-- Your assignment --
Transcribe the listing that follows in full, omitting pictures.

-- Supplied material --
◇ ◇ ◇ ◇

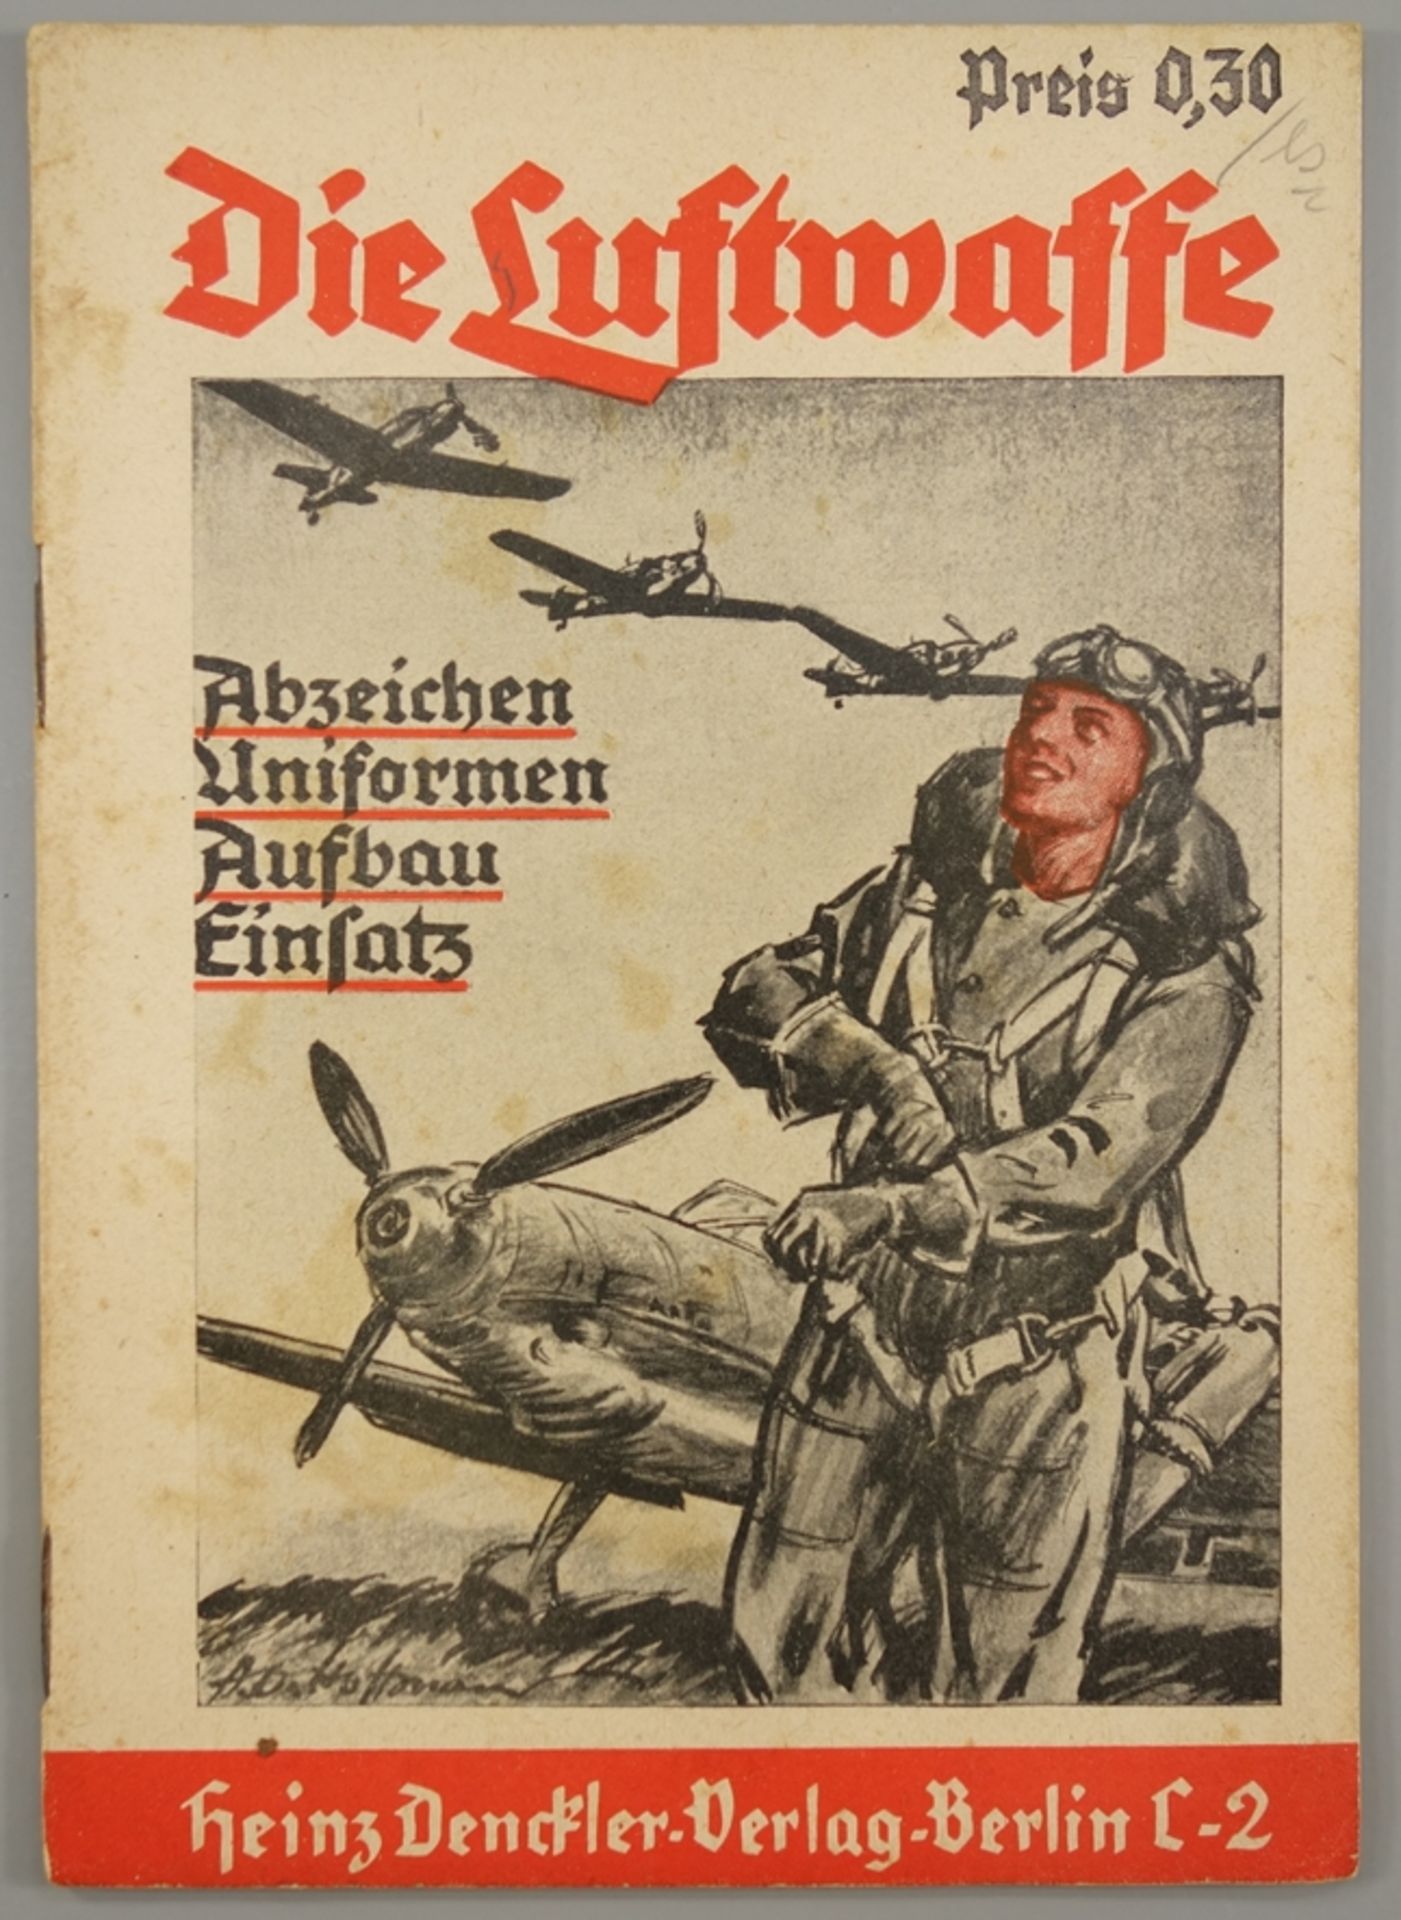 Die Luftwaffe, Heinz Denckler Verlag, Berlin, 1.Auflage, WK II, Abzeichen, Uniformen, Aufbau und
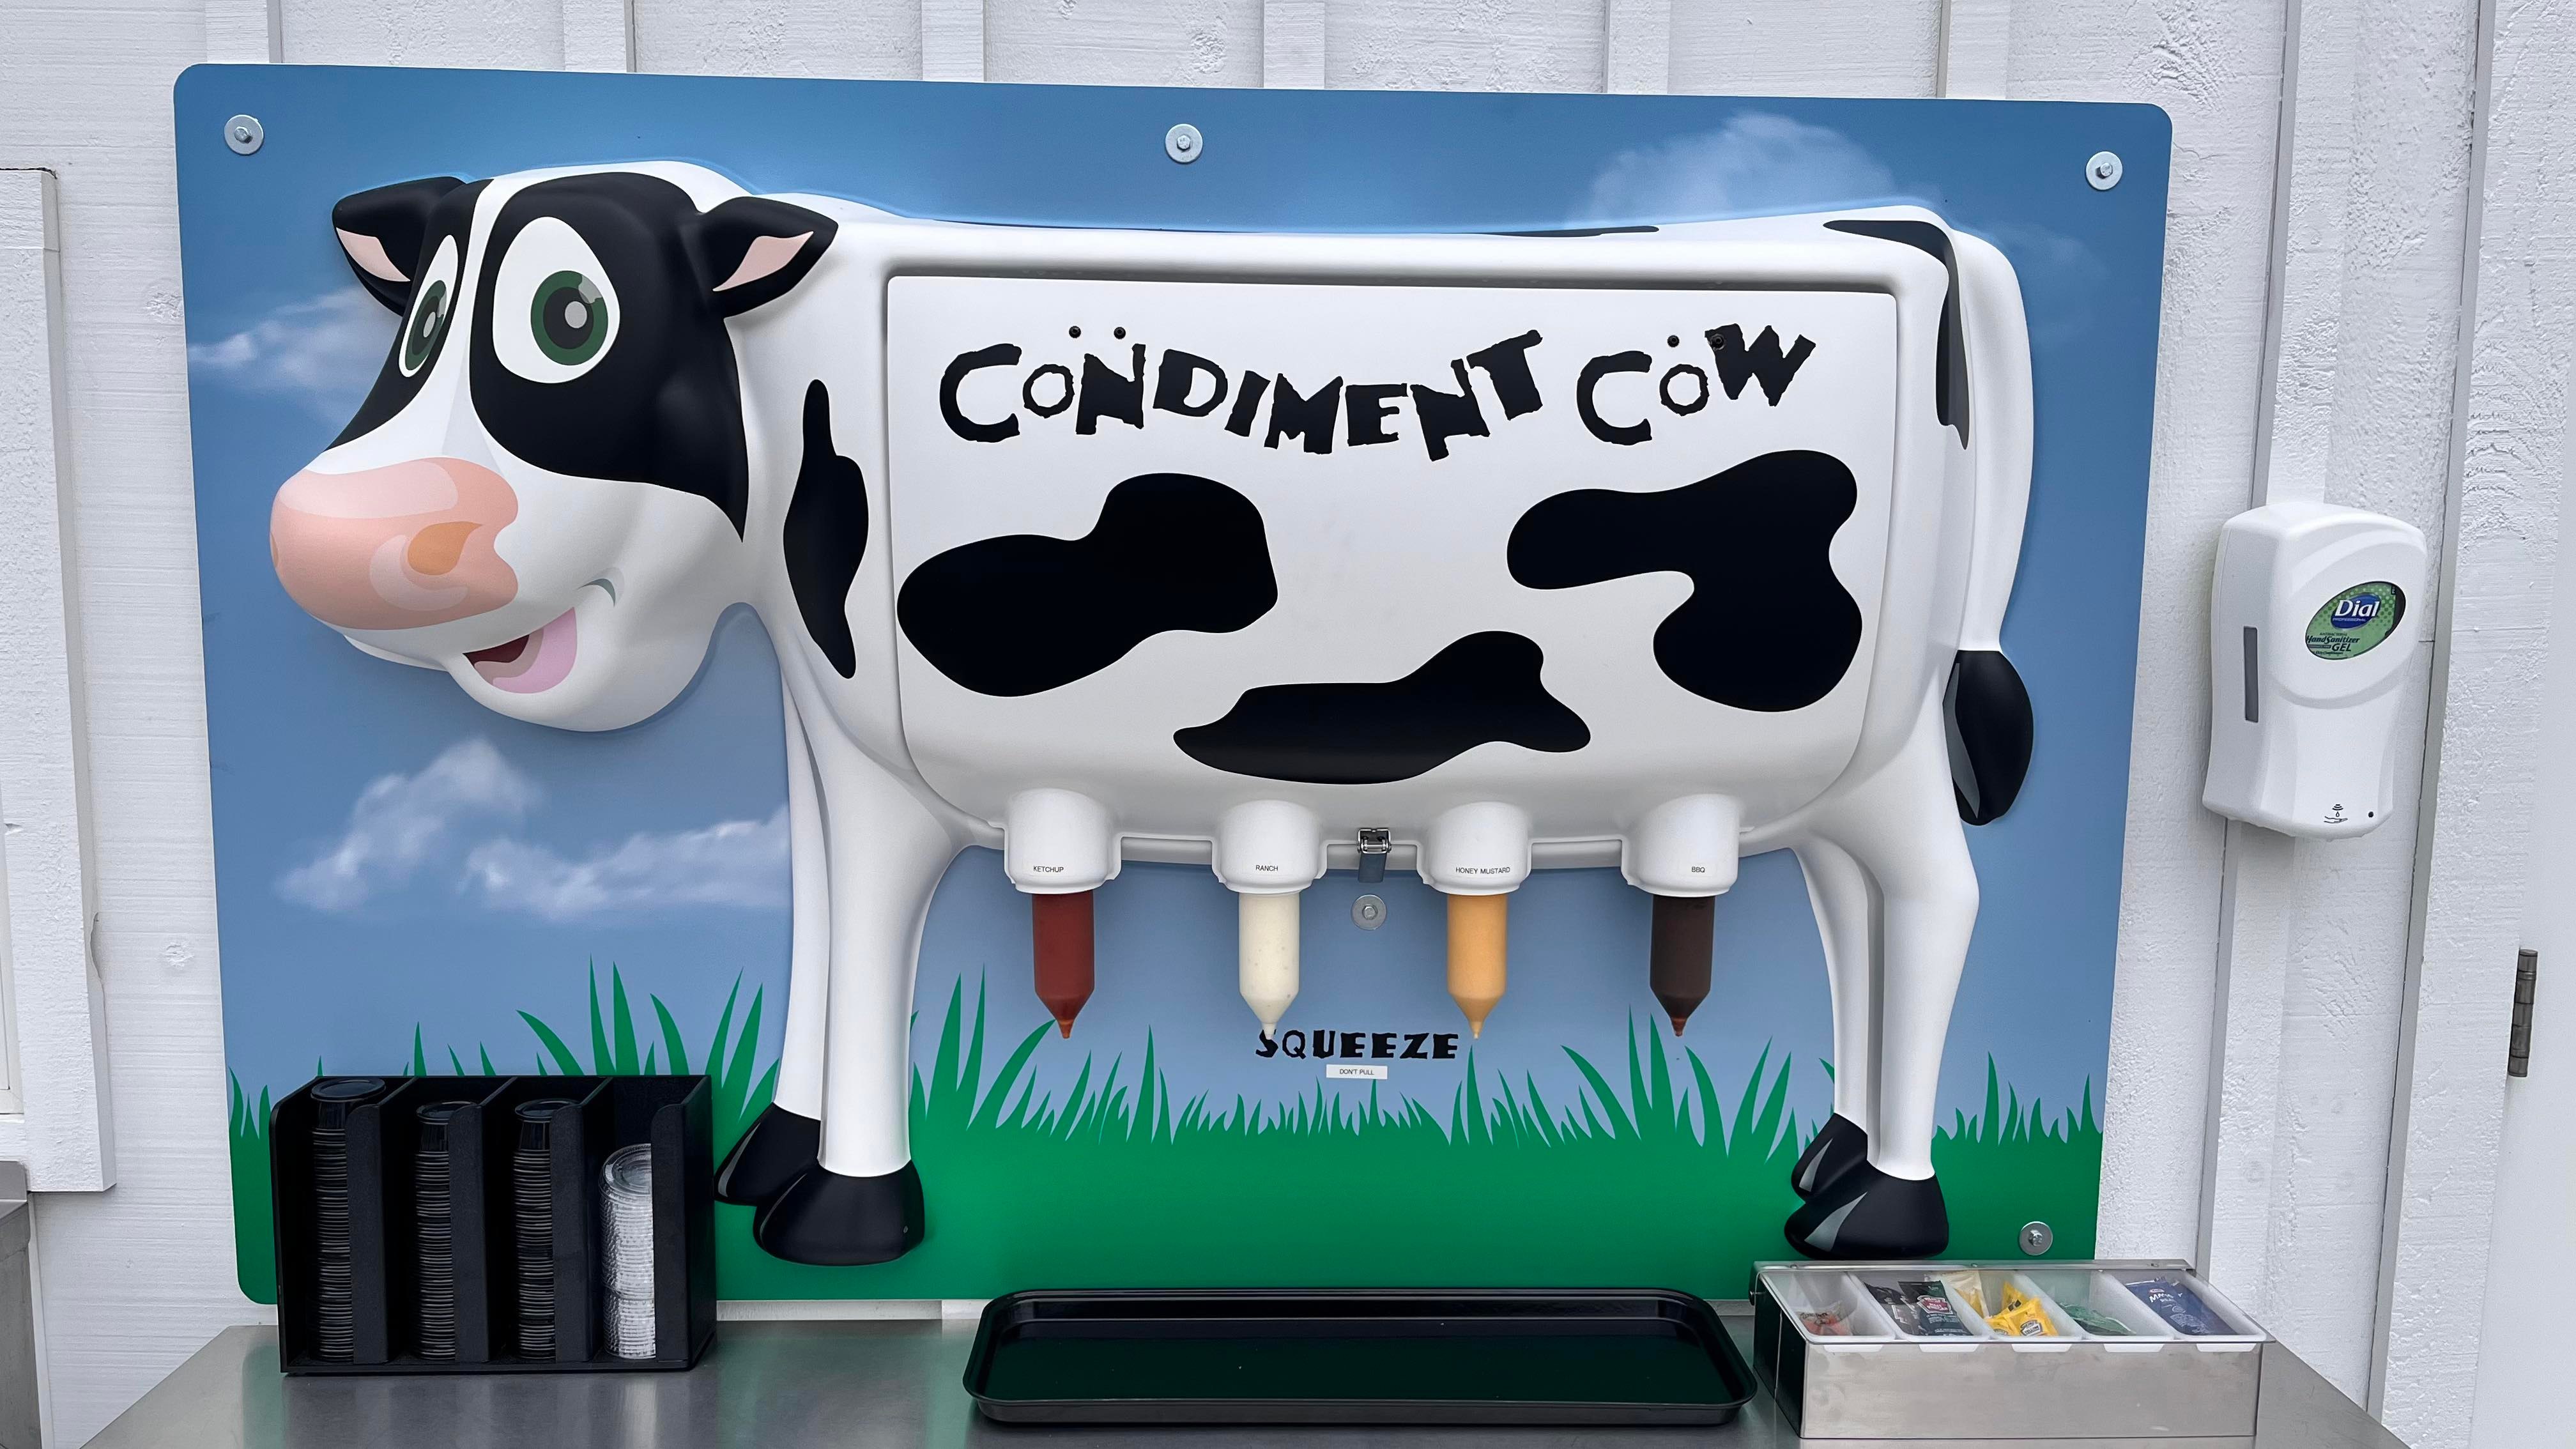 Fifer's Condiment Cow
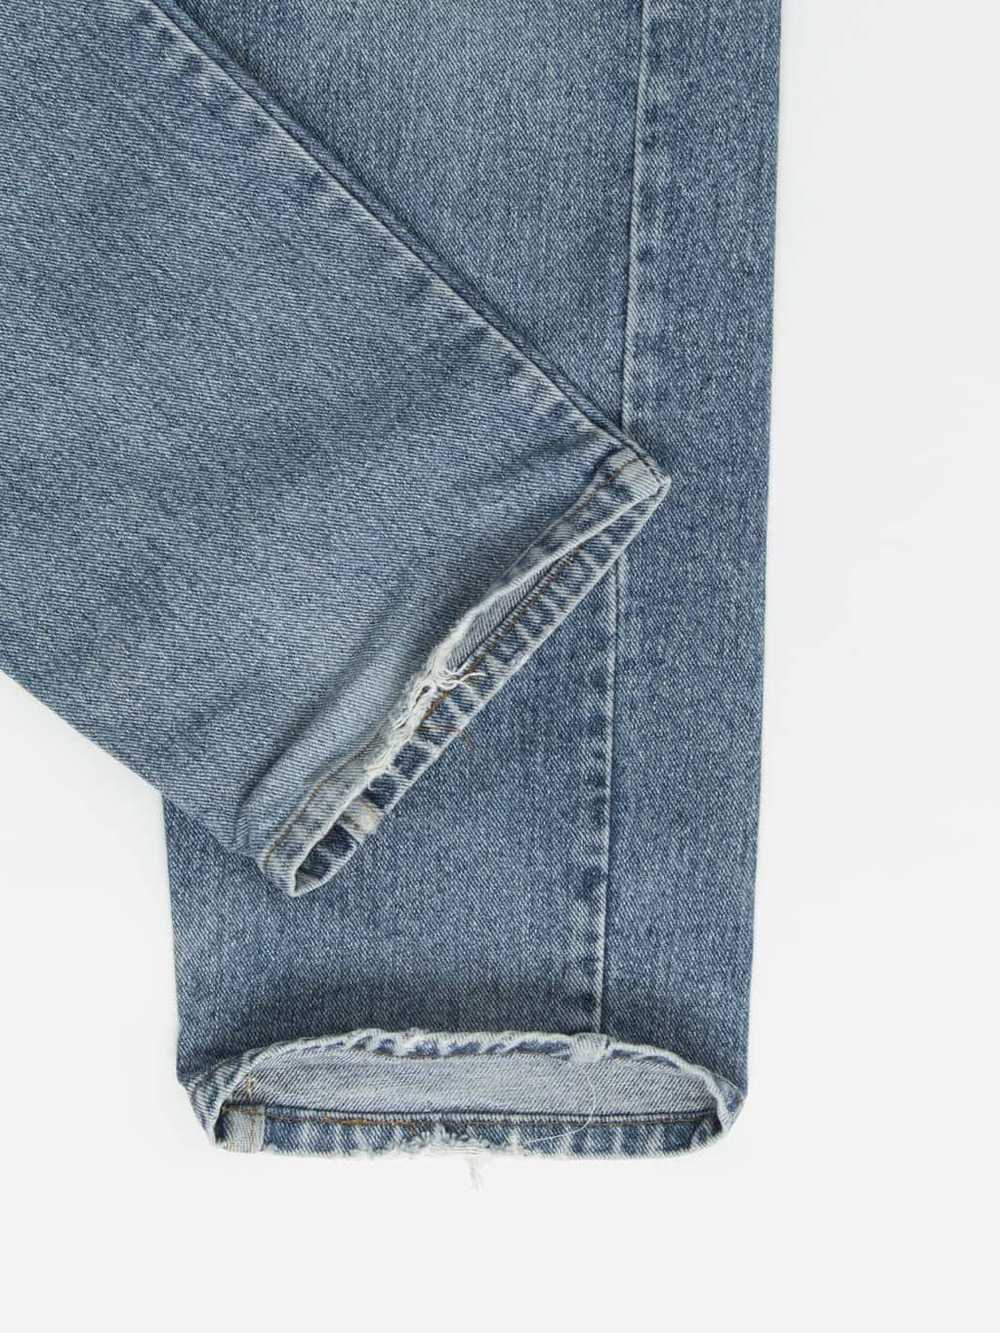 Vintage Levis 554 jeans 30 x 32 blue stonewash US… - image 5
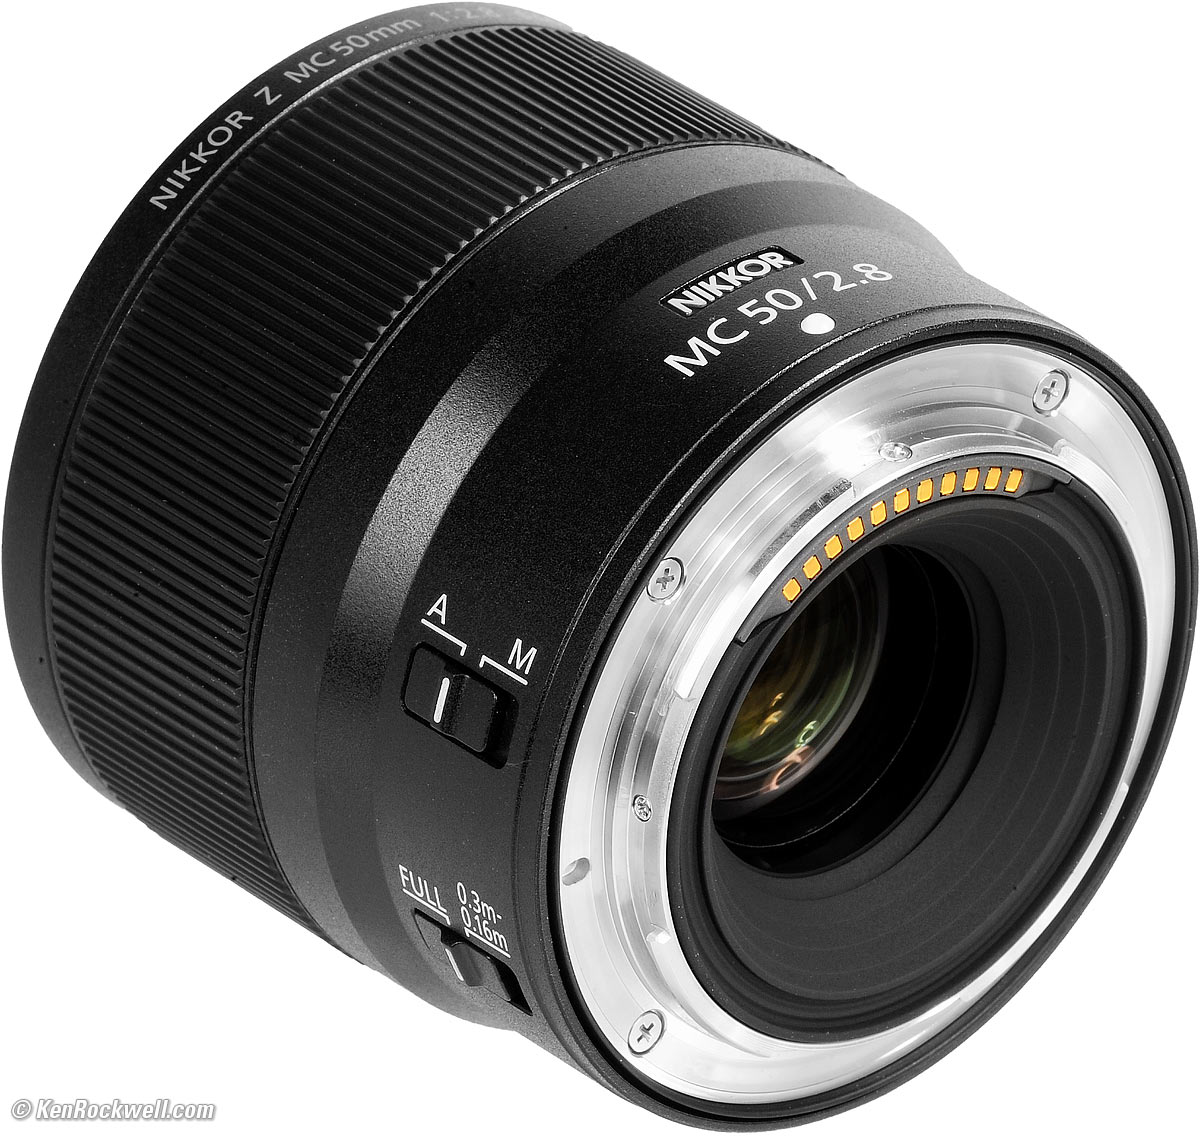 カメラ レンズ(単焦点) Nikon Z 50mm f/2.8 MC Macro Review

◇ ◇ ◇ ◇

-- Result for this exercise --
 Die Luftwaffe, Heinz Denckler Verlag, Berlin, 1.Auflage, WK II, Abzeichen, Uniformen, Aufbau und
 Fifer's Condiment Cow
 Vintage Levis 554 jeans 30 x 32 blue stonewash US… - image 5
 カメラ レンズ(単焦点) Nikon Z 50mm f/2.8 MC Macro Review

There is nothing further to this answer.